Whenever I talk to women, it just feels so superficial and fake, like I have to "pretend" to be interested in what they are talking about, because honestly, I'm not interested at all. I always have to look for an escape to get out of the conversation. In my mind, I'm thinking "when is this going to end so I can go back to doing whatever I was doing before?"

That's not exactly the right way to build a platonic or romantic relationship. But how in the hell could I be sincere by faking my interest all of the time?


----------



## Bizarre (Jan 21, 2014)

I think its just going to take practice of being around girls. And tell yourself they are nervous talking to you as well. 

I am still uncomfortable being around guys. Its not at the top of my list of things to do. lol. But not nearly as bad as it once was.


----------



## buutenks (Mar 15, 2012)

Well from my little experience,i noticed the more u talk to a girl u like without showing u are in to her,the less like it is she will want to be more than friends.
So if u like a girl,see when shes not surrounded by her friends go talk to her,aka go say hi how she's doing and then ask for her phone number.Then just say well got to go,talk to u later,or just got to go,nothing fancy unless u know how to talk ^^.


----------



## buutenks (Mar 15, 2012)

Buckyx said:


> I can interact to some extent but I cant initiate lol and the girl is never going to approach so I am just doomed
> 
> fresh 21 btw, still stuck at 13 experienced


Is that u in the pic?ur avatar pic?If so impressive.


----------



## buutenks (Mar 15, 2012)

Buckyx said:


> ofcourse not, maybe in 10 years haha
> 
> do you think I would be getting some girls attention with such back? lol


I see,hehe.


----------



## DasBoot89 (Mar 20, 2012)

buutenks said:


> Well from my little experience,i noticed the more u talk to a girl u like without showing u are in to her,the less like it is she will want to be more than friends.
> So if u like a girl,see when shes not surrounded by her friends go talk to her,aka go say hi how she's doing and then ask for her phone number.Then just say well got to go,talk to u later,or just got to go,nothing fancy unless u know how to talk ^^.


But then I've heard conflicting things, about disinterest or general "aloofness" is more attractive and sexy than desperate guy.

My thoughts are, it's a combination of both not coming on too strongly, and yet not being too disinterested.

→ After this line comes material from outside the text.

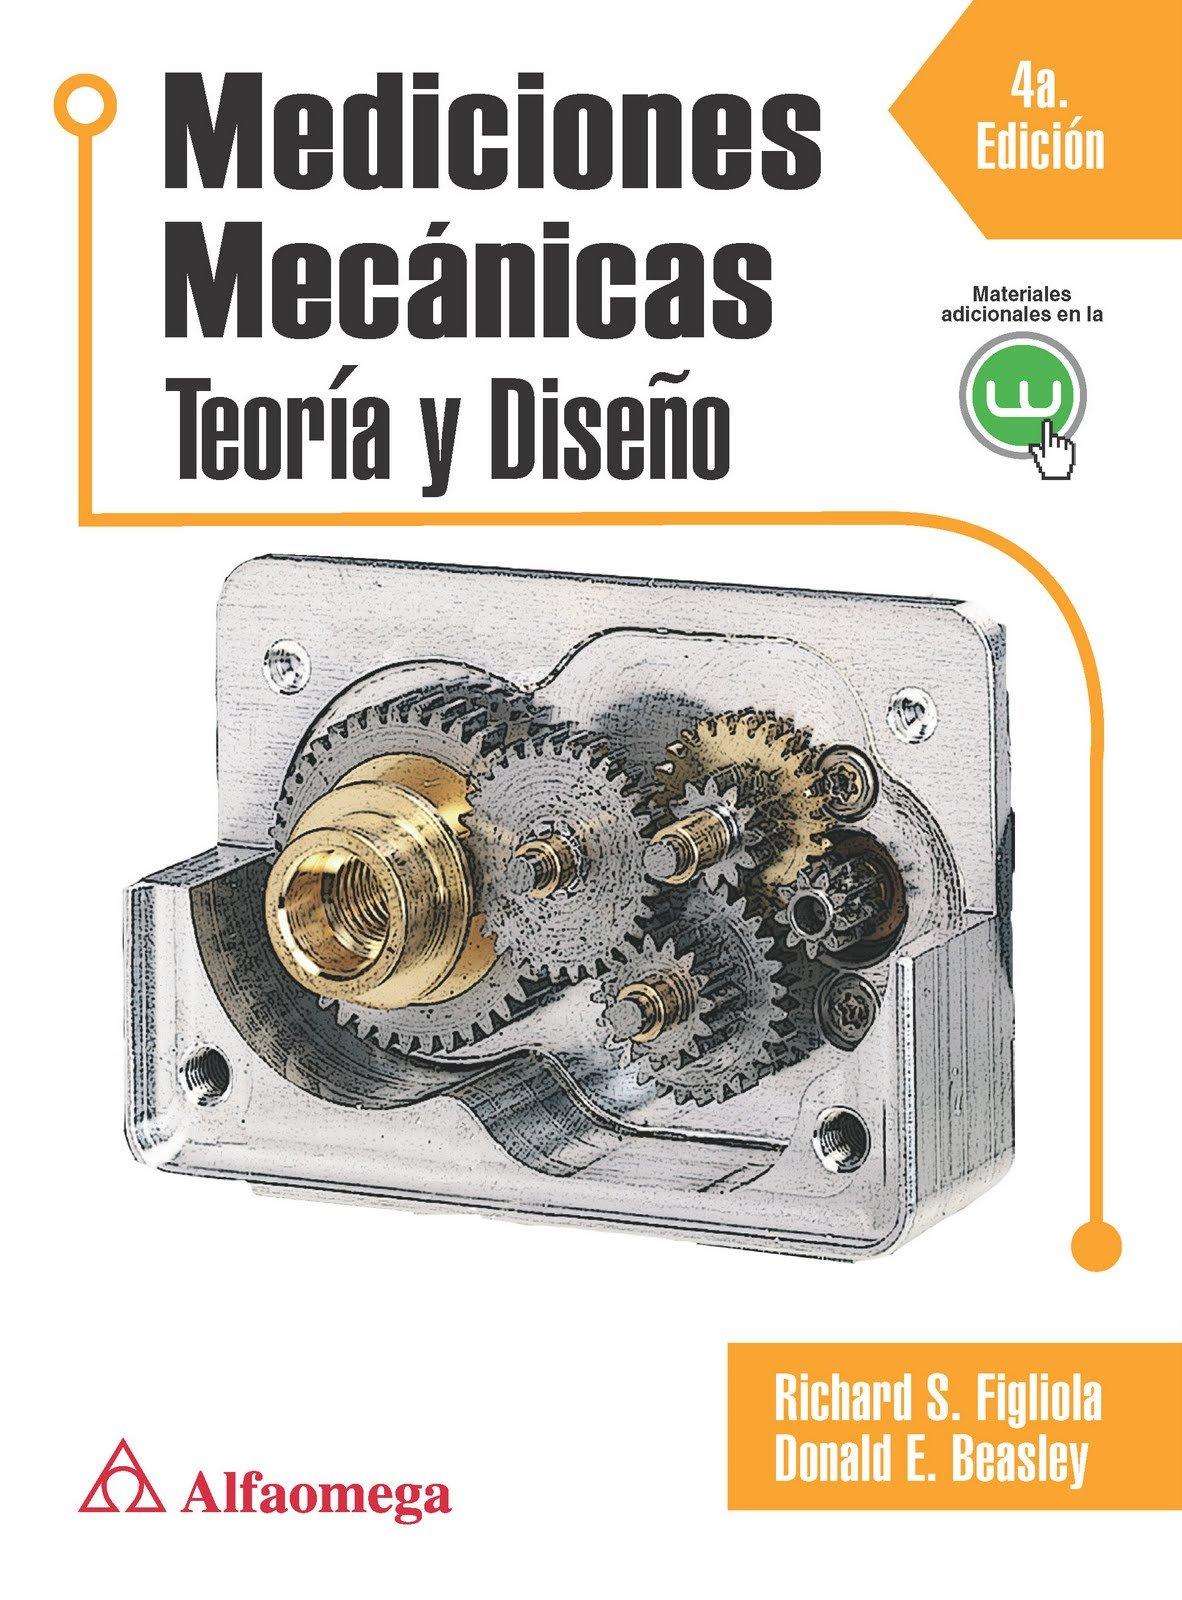 Mediciones Mecanicas, Teoria y Diseño (Spanish Edition): Richard S. FIGLIOLA, Donald E. BEASLEY, Alfaomega Grupo Editor (MX), ...

It's a tricky super thin line.


----------



## Misunderstood Burrito (Jan 15, 2015)

thatsher said:


> Becoming friends with girls is harder. I am more comfortable talking to the guys at my work, than with girls. I think I feel intimidated by their confidence sometimes. and i keep thinking they are judging me


I can relate to that. I'm more comfortable talking and being friends with guys than girls because they are so easy going!


----------



## nykid1981 (Jan 15, 2015)

I'm 33 and really have only dated a few girls in my life. I would say MAYBE I'm friends with 1 or 2 girls (and that might be pushing it), all my other friends are guys.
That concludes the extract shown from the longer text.